• **MATERIAL FOR THIS TASK**
##############################
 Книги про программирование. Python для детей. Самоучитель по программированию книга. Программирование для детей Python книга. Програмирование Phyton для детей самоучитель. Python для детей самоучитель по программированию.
##############################
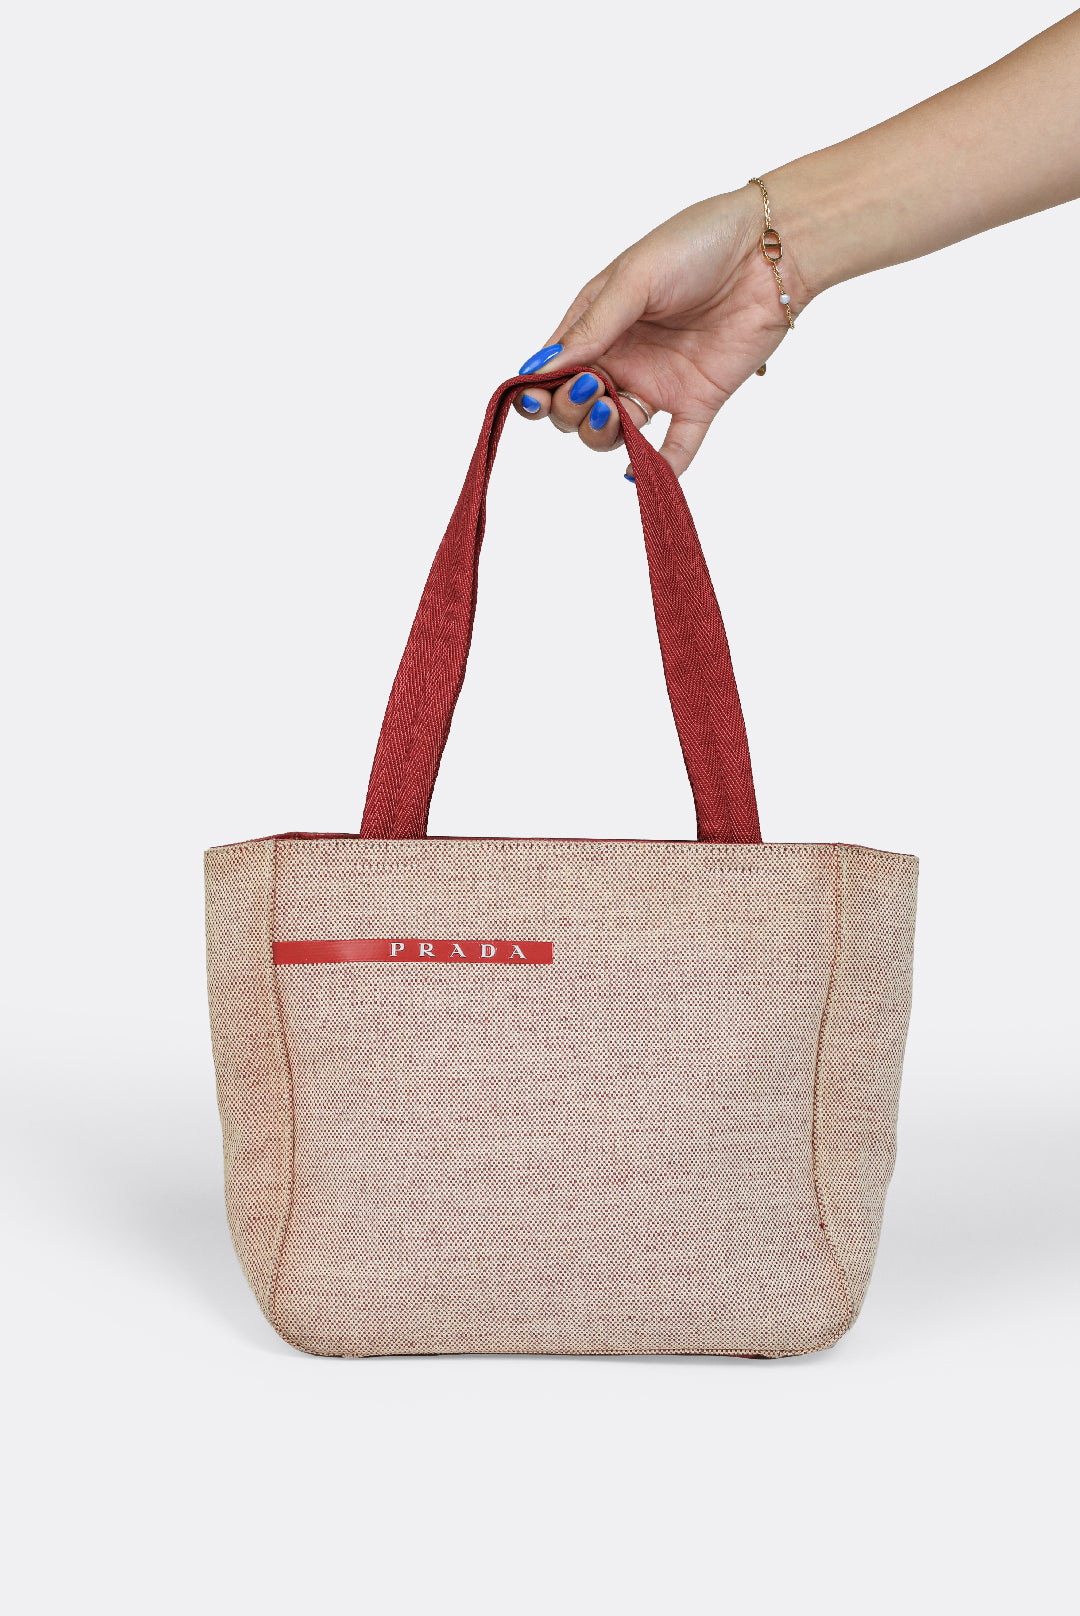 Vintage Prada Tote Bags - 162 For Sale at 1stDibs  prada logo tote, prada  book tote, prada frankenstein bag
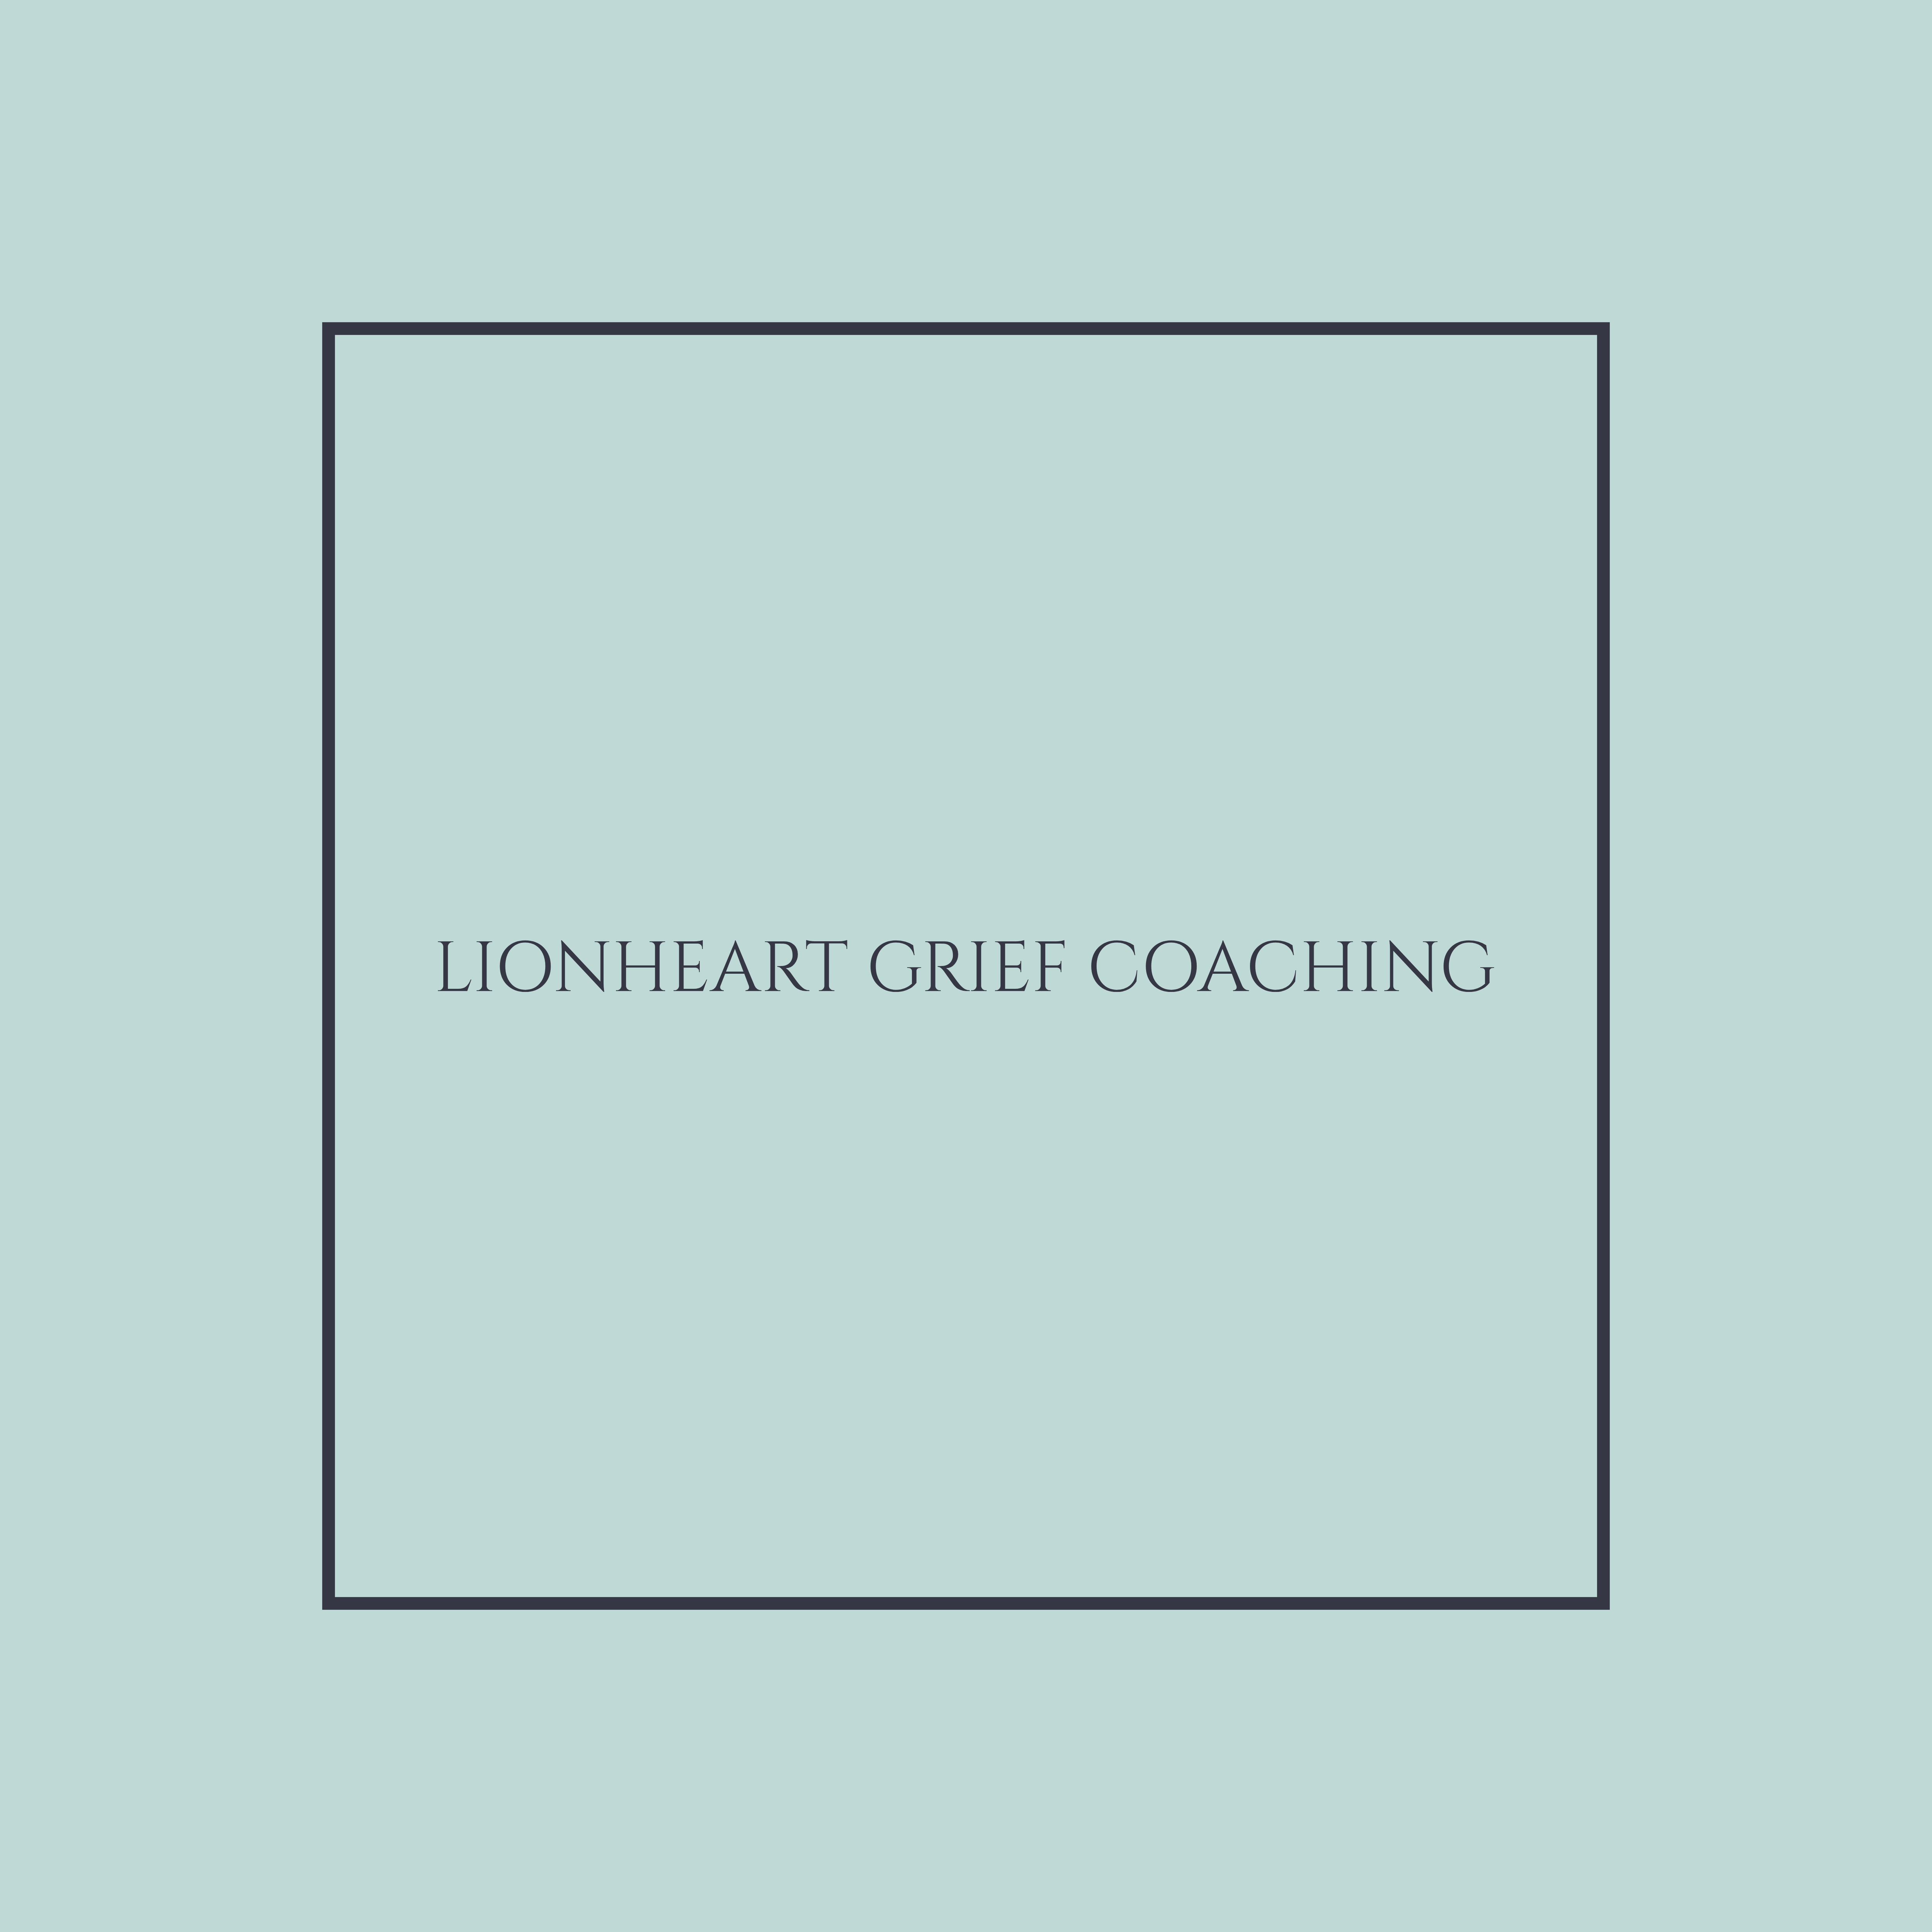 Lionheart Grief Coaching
##############################
• **INSTRUCTIONS FOR THE TASK**
Each line above starting at the one holding "Vintage Prada Tote" and ending at the one holding "Lionheart Grief Coaching" should be set down exactly as it stands, both ends included, with no pictures.

• **TASK ANSWER**
 Vintage Prada Tote Bags - 162 For Sale at 1stDibs  prada logo tote, prada  book tote, prada frankenstein bag
 Lionheart Grief Coaching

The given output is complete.